Gigaton raises $26m Series A led by Plural

According to Sifted, London-based Gigaton has raised a $26 million Series A led by Plural, with reported participation from investors including 2150, Semapa Next, Planet A Ventures, Cambridge Enterprise Ventures, the UCL Technology Fund, and Clean Growth Fund. Multiple outlets report Gigaton, a UCL and Cambridge spinout formerly known as Carbon Re, builds AI control software for energy-intensive heavy industry, aiming to replace traditional industrial control systems in cement, steel, glass, and chemicals plants. Coverage notes the software is already deployed with producers reported to include Holcim, Heidelberg Materials, Adani Cement, and Mannok, and that Gigaton claims per-plant operational savings of $1 million to $3 million a year alongside emissions reductions. The company says it will use the funding to grow its team and expand beyond cement.
What happened
According to Sifted, London-based Gigaton has raised a $26 million Series A round led by investor Plural. Multiple outlets report participation from 2150, Semapa Next, and existing backers including Planet A Ventures, Cambridge Enterprise Ventures, the UCL Technology Fund, and Clean Growth Fund. Coverage identifies Gigaton as a UCL and Cambridge spinout, formerly known as Carbon Re, that uses AI to cut cost and energy consumption in manufacturing.
What the company does
Per reporting, Gigaton builds AI software intended to replace traditional control systems that run energy-intensive plants, starting with cement and extending to steel, glass, and chemicals.
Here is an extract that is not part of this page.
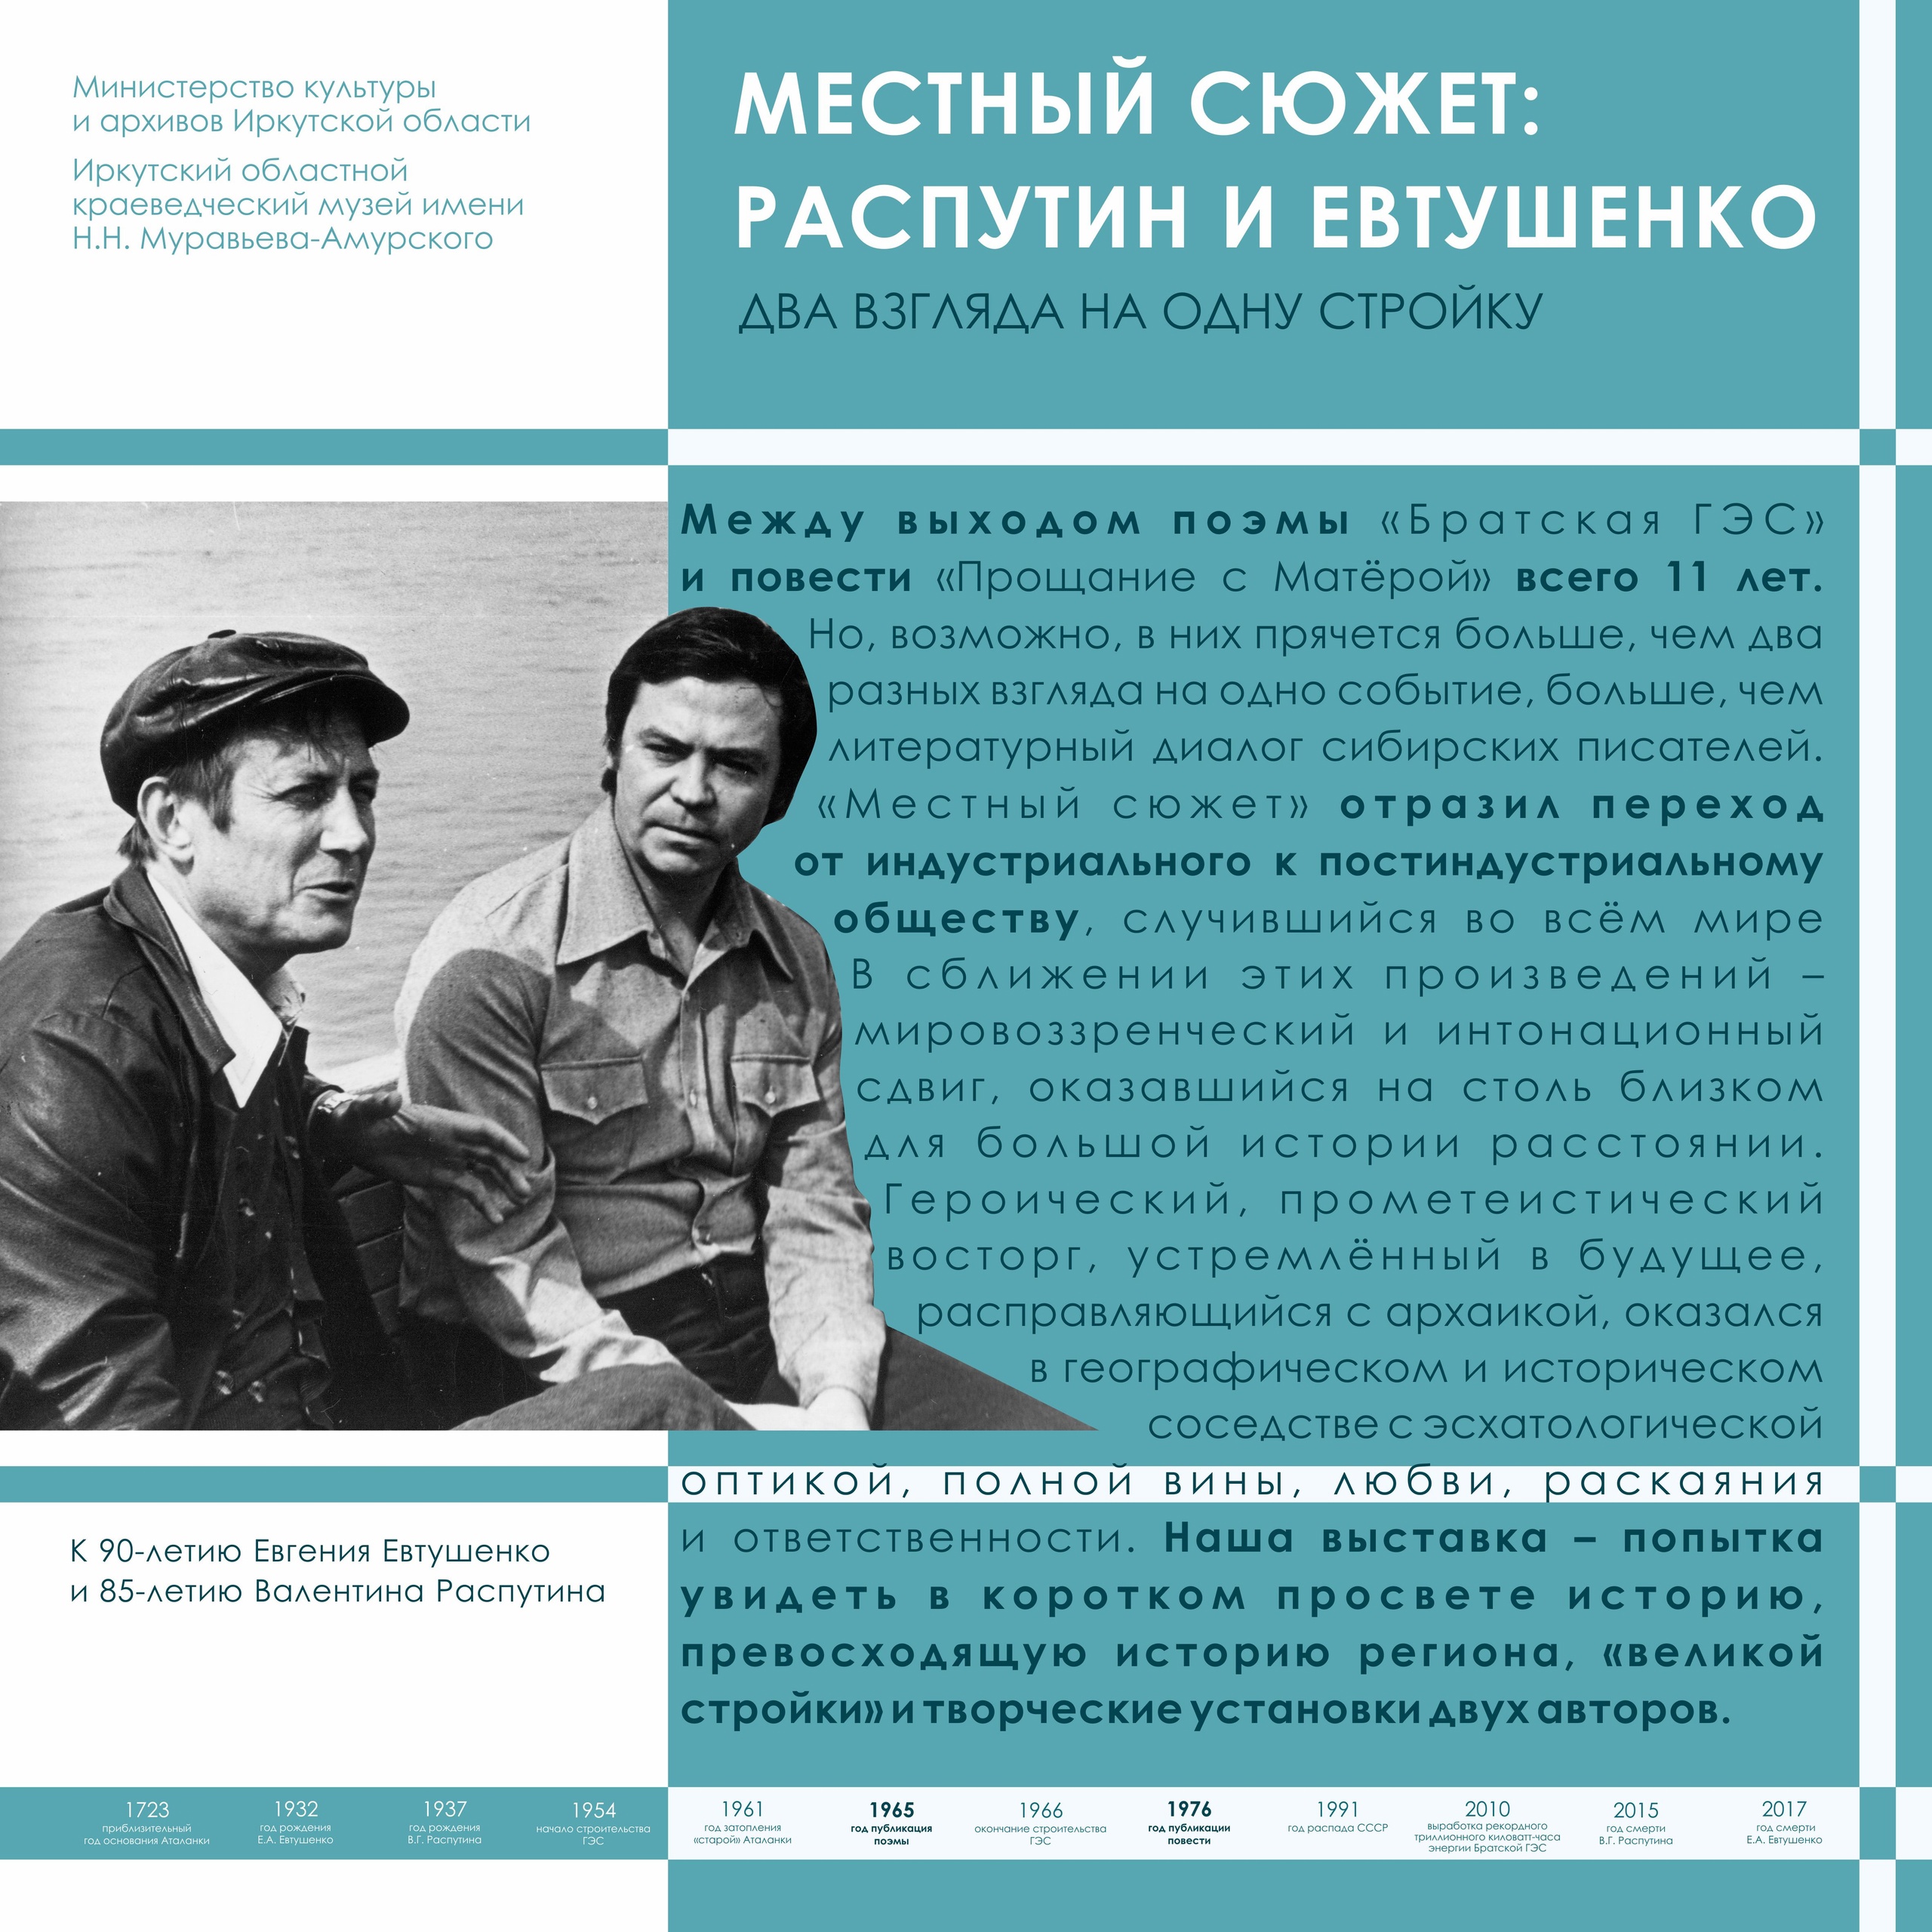 Иркутский краеведческий музей подготовил электронную выставку о Распутине и Евтушенко

Outlets report the software is already deployed with producers including Holcim, Heidelberg Materials, Adani Cement, and Mannok, and that Gigaton claims operational savings of roughly $1 million to $3 million per plant per year, alongside site-level emissions reductions. The company says it will use the round to grow its team and expand beyond cement.
Why it matters
Class B analysis: startups addressing industrial energy and cost optimization typically combine physics-informed modeling, sensor-driven time-series forecasting, and closed-loop control that interfaces with programmable logic controllers and manufacturing execution systems. These stacks demand reliable streaming-telemetry feature engineering, domain-specific anomaly detection, and safety-constrained decision logic rather than open-ended generative models.
What to watch
- •Third-party validation of the reported energy and cost savings, and pilot-to-production conversion rates.
- •Integration complexity with legacy equipment and the quality of labeled operational data needed to validate models at scale.
- •Partnerships or standards work with original-equipment manufacturers and automation vendors as Gigaton expands across heavy-industry verticals.
Key Points
- 1Gigaton (formerly Carbon Re, a UCL and Cambridge spinout) raised a $26m Series A led by Plural to scale AI control software for heavy industry.
- 2The platform targets cement, steel, glass, and chemicals plants, with coverage reporting deployments at producers such as Holcim and Heidelberg Materials.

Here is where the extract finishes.